Selon les Fidji, la demande d’avis consultatif est inappropriée en l’espèce, et il existe des raisons décisives devant conduire la Cour à refuser, dans l’exercice de son pouvoir discrétionnaire, d’y répondre, quand bien même elle s’estimerait compétente pour le faire. Le point de vue du Gouvernement fidjien sur l’opportunité, pour la Cour, d’exercer son pouvoir discrétionnaire de refuser de rendre un avis consultatif est sans préjudice de son avis sur les questions de fond spécifiques dont la Cour est saisie.

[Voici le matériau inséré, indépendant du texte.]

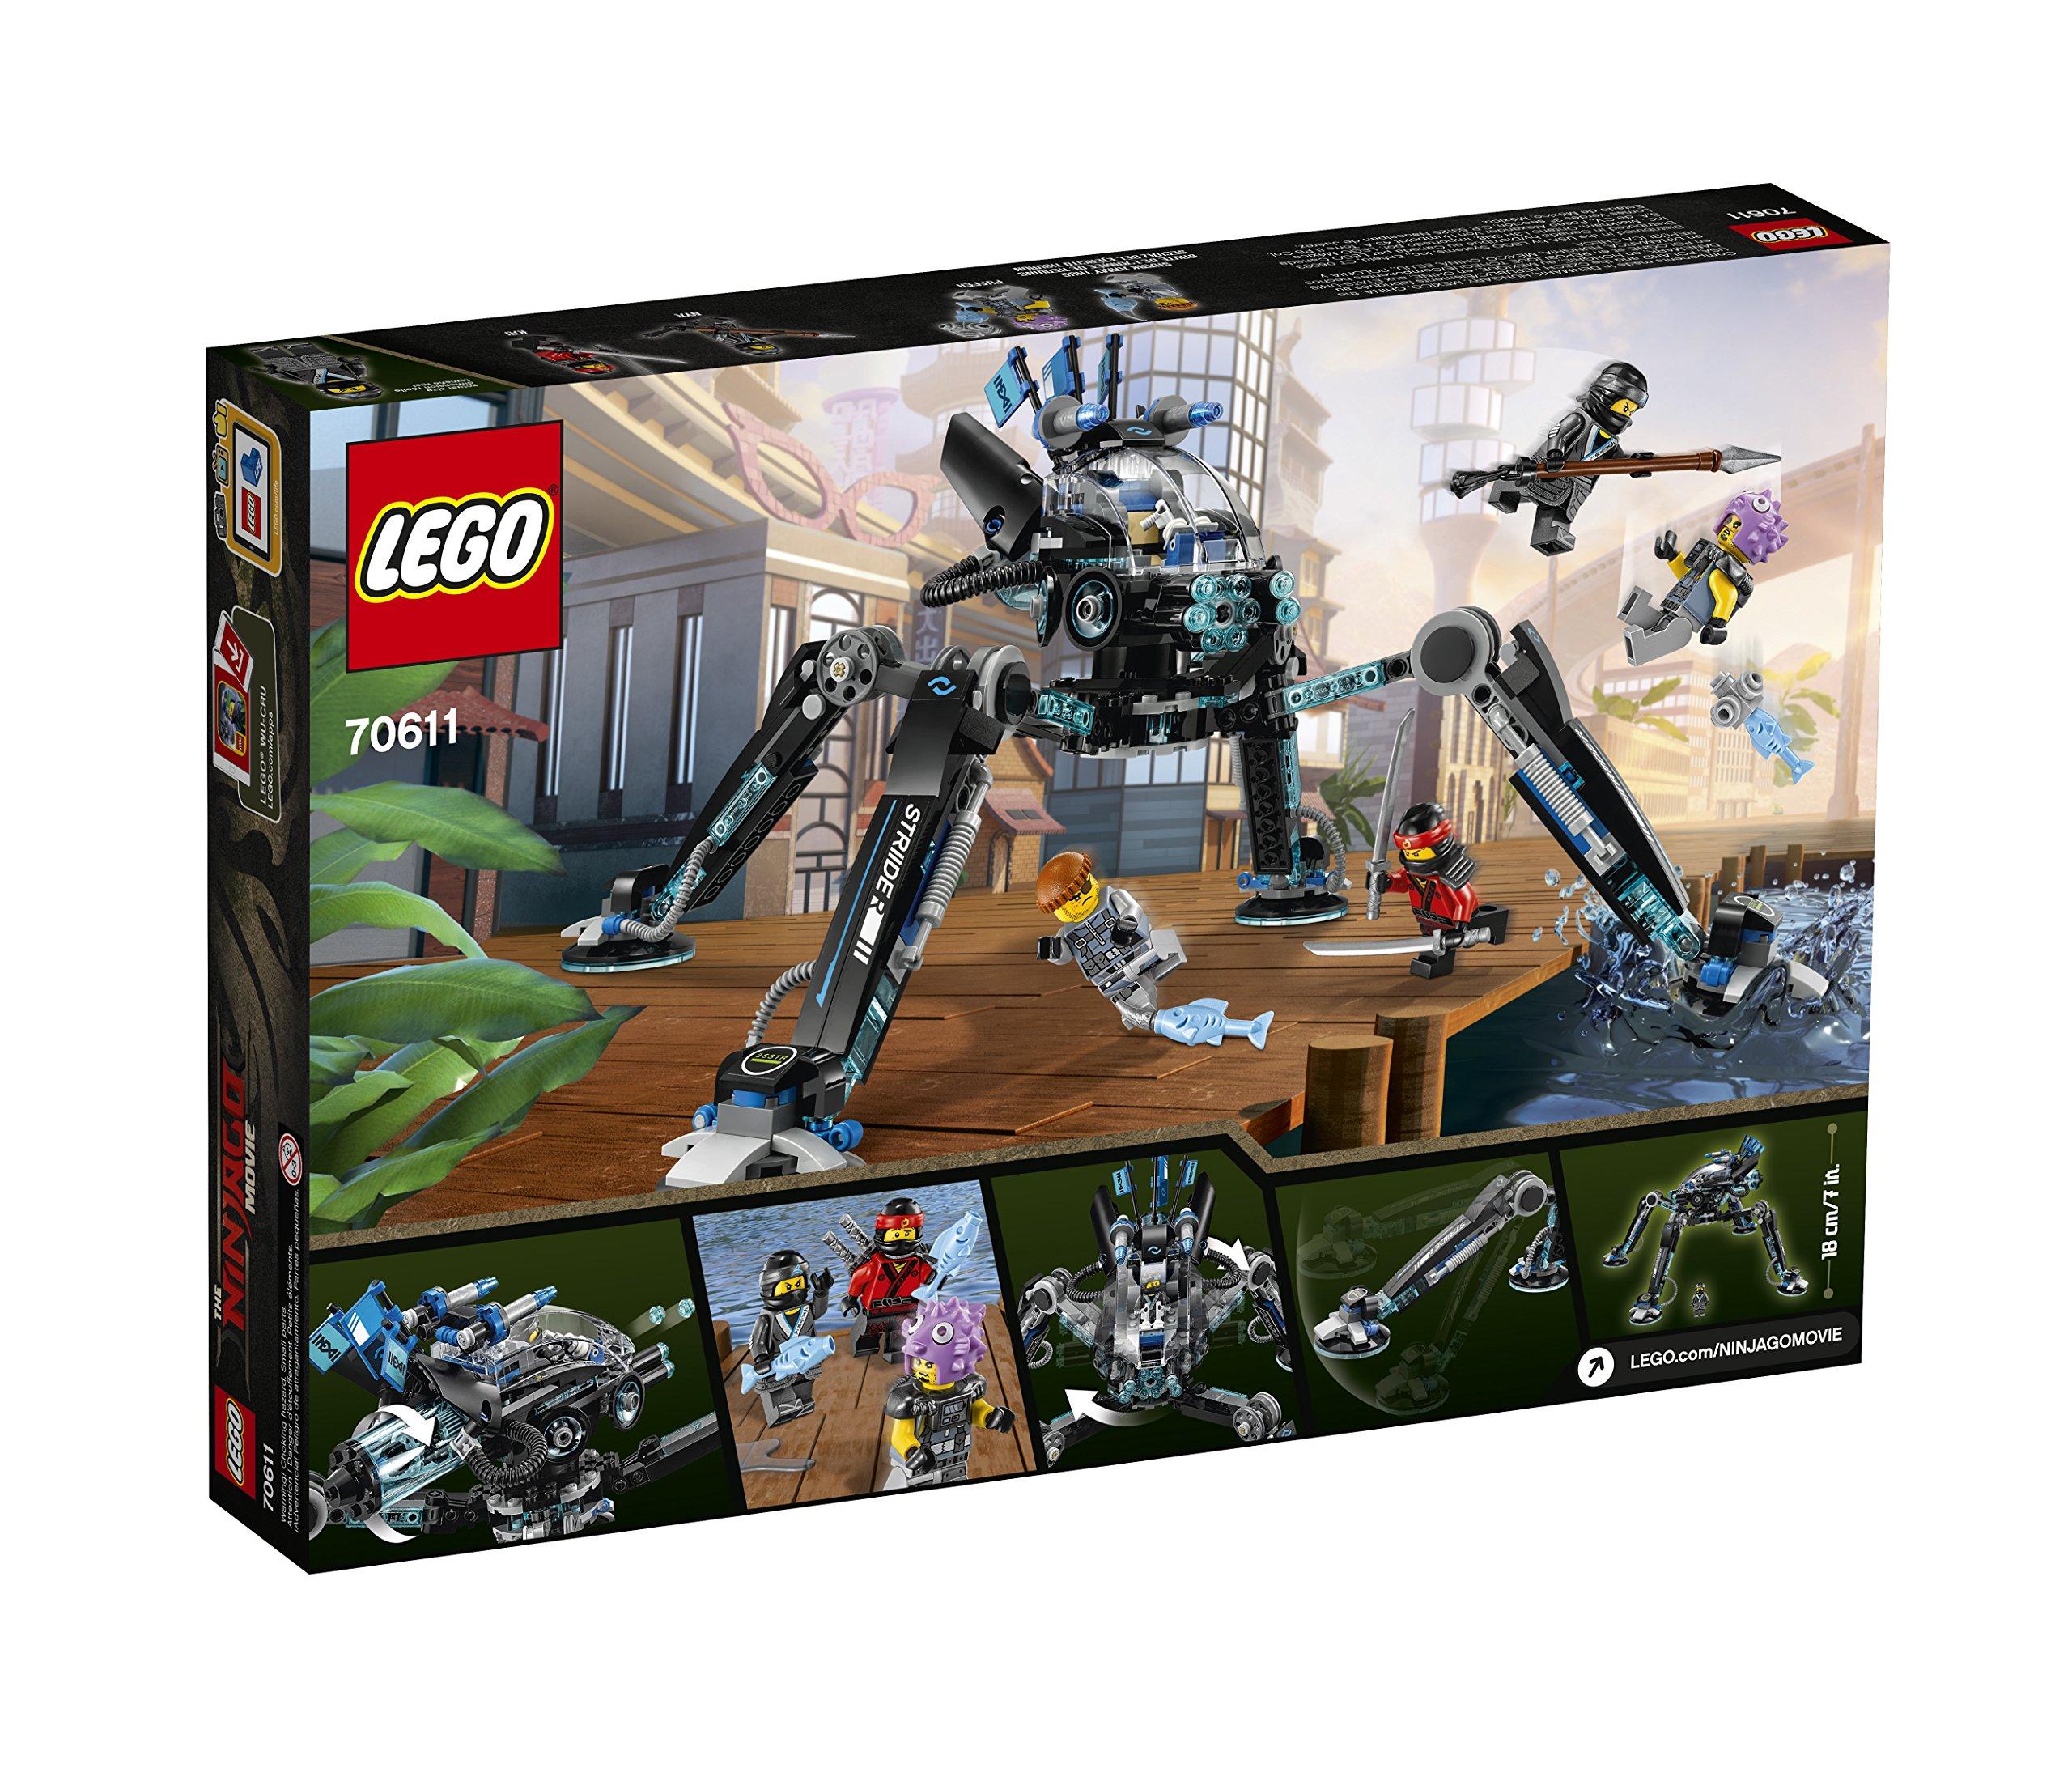 Lego for boys 6 12 lego ninjago water strider 70611 building kit 494 piece 691023576858 ebay - Lego ninjago 6 ...

Plus particulièrement, les questions soumises à la Cour sont les suivantes :
« a) Quelles sont les conséquences juridiques de la violation persistante par Israël du droit du peuple palestinien à l’autodétermination, de son occupation, de sa colonisation et de son annexion prolongées du territoire palestinien occupé depuis 1967, notamment des mesures visant à modifier la composition démographique, le caractère et le statut de la ville sainte de Jérusalem, et de l’adoption par Israël des lois et mesures discriminatoires connexes ?

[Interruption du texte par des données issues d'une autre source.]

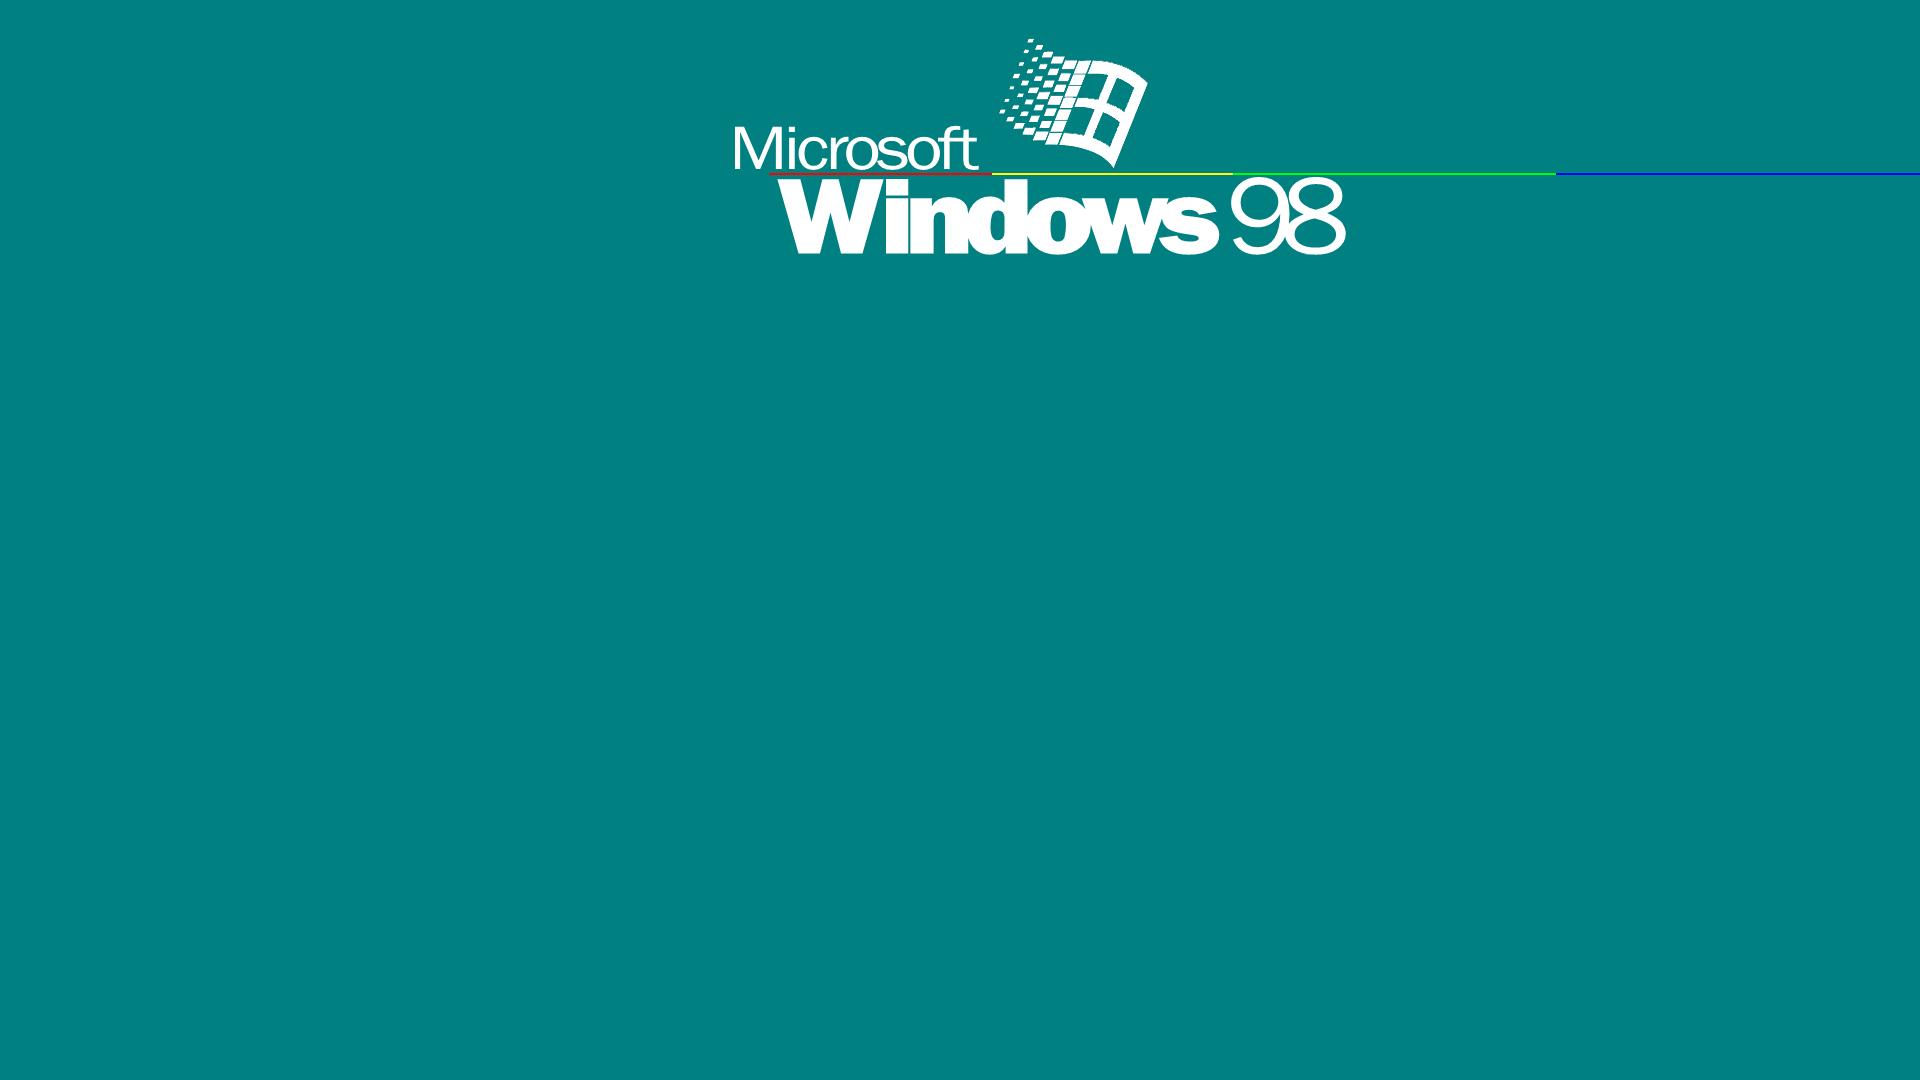 46 Windows 98 Desktop Wallpaper On Wallpapersafari

b) Quelle incidence les politiques et pratiques d’Israël visées au paragraphe 18 a) … ont-elles sur le statut juridique de l’occupation et quelles sont les conséquences juridiques qui en découlent pour tous les États et l’Organisation des Nations Unies ? »

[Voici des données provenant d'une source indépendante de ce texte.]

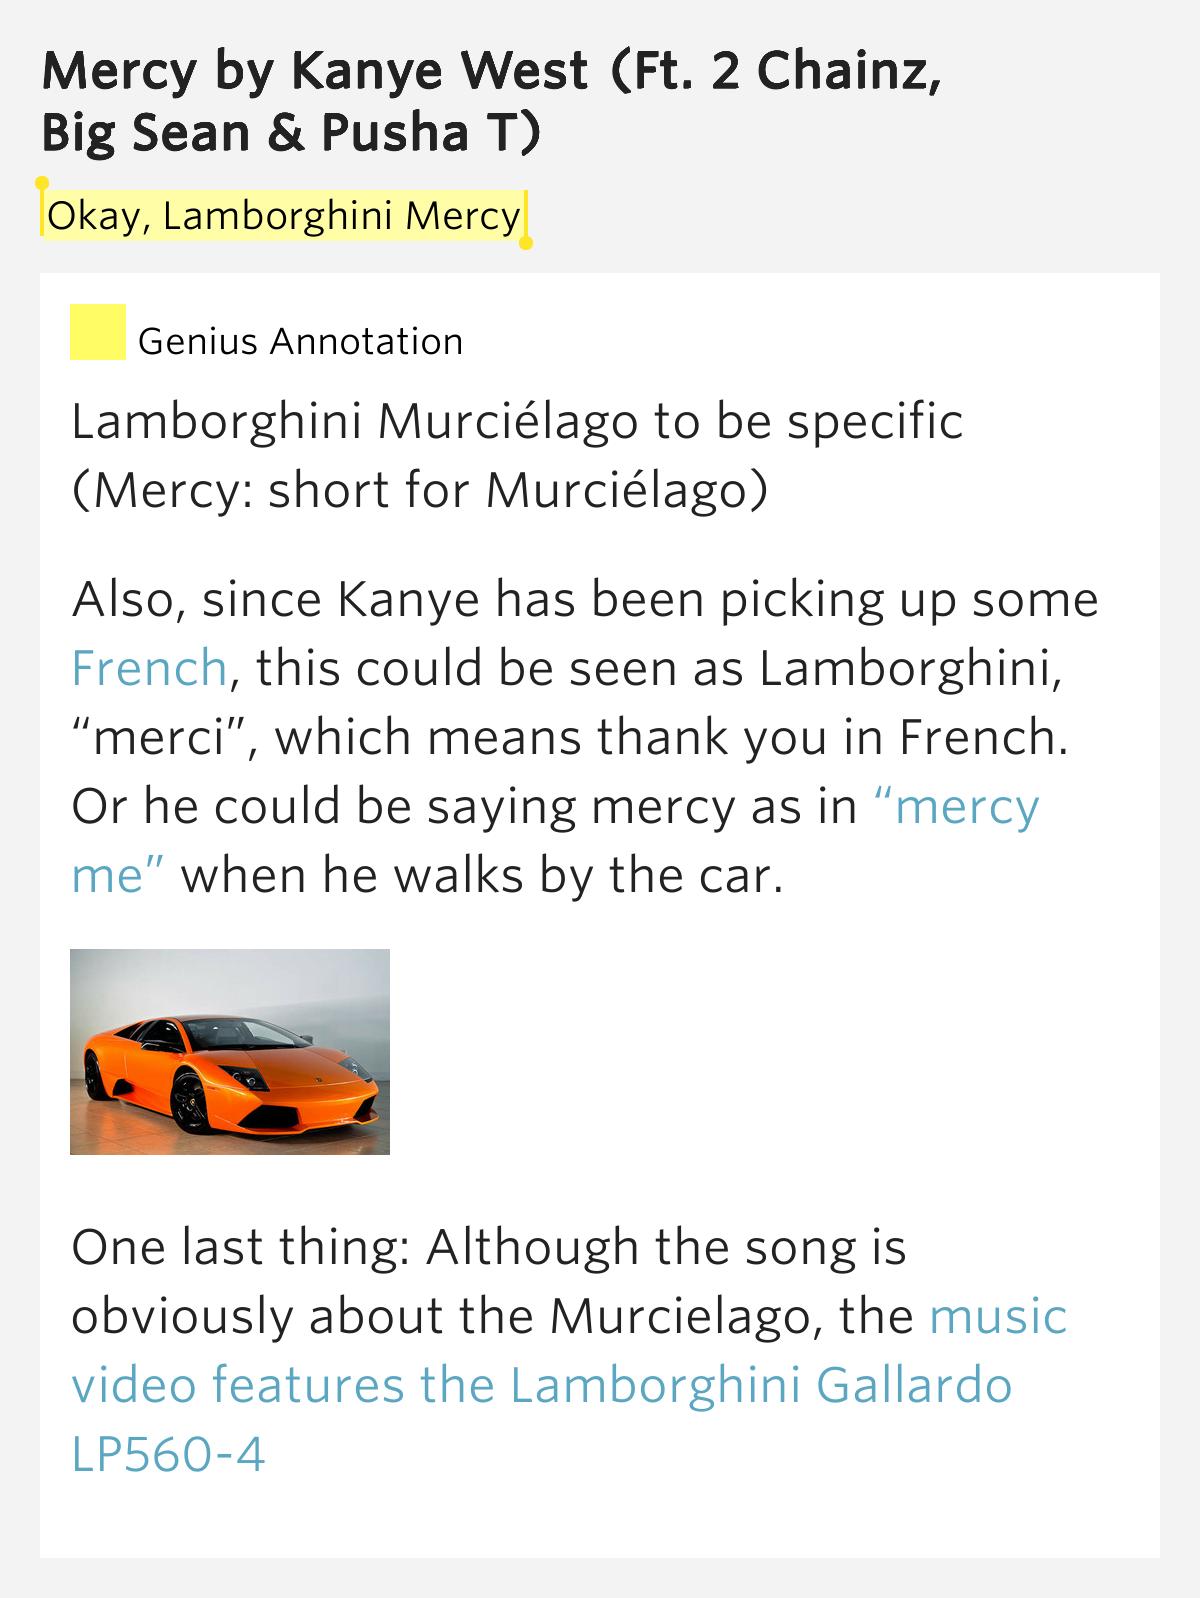 Okay Lamborghini Mercy Mercy Lyrics Meaning

Le Gouvernement fidjien s’inquiète de plusieurs aspects de la mobilisation de la compétence consultative de la Cour en réponse à la résolution de l’Assemblée générale, tout particulièrement en ce que la demande :
1. vise à contourner des accords juridiquement contraignants ;
2. vise à contourner le principe du consentement requis dans le cadre du règlement des différends sous l’égide des Nations Unies ;
3. vise à instrumentaliser la Cour et procède à cet effet par approximations juridiques ;
4. est de nature contentieuse.
1. TENTATIVE DE CONTOURNER DES ACCORDS JURIDIQUEMENT CONTRAIGNANTS
Le Gouvernement fidjien estime qu’il est essentiel de maintenir et de faire respecter le cadre juridiquement contraignant établi spécifiquement pour résoudre le conflit israélo-palestinien, tant par le Conseil de sécurité de l’Organisation des Nations Unies que par les parties aux accords d’Oslo. Ces régimes juridiques sont contraignants non seulement pour les parties au conflit, mais aussi pour la communauté internationale.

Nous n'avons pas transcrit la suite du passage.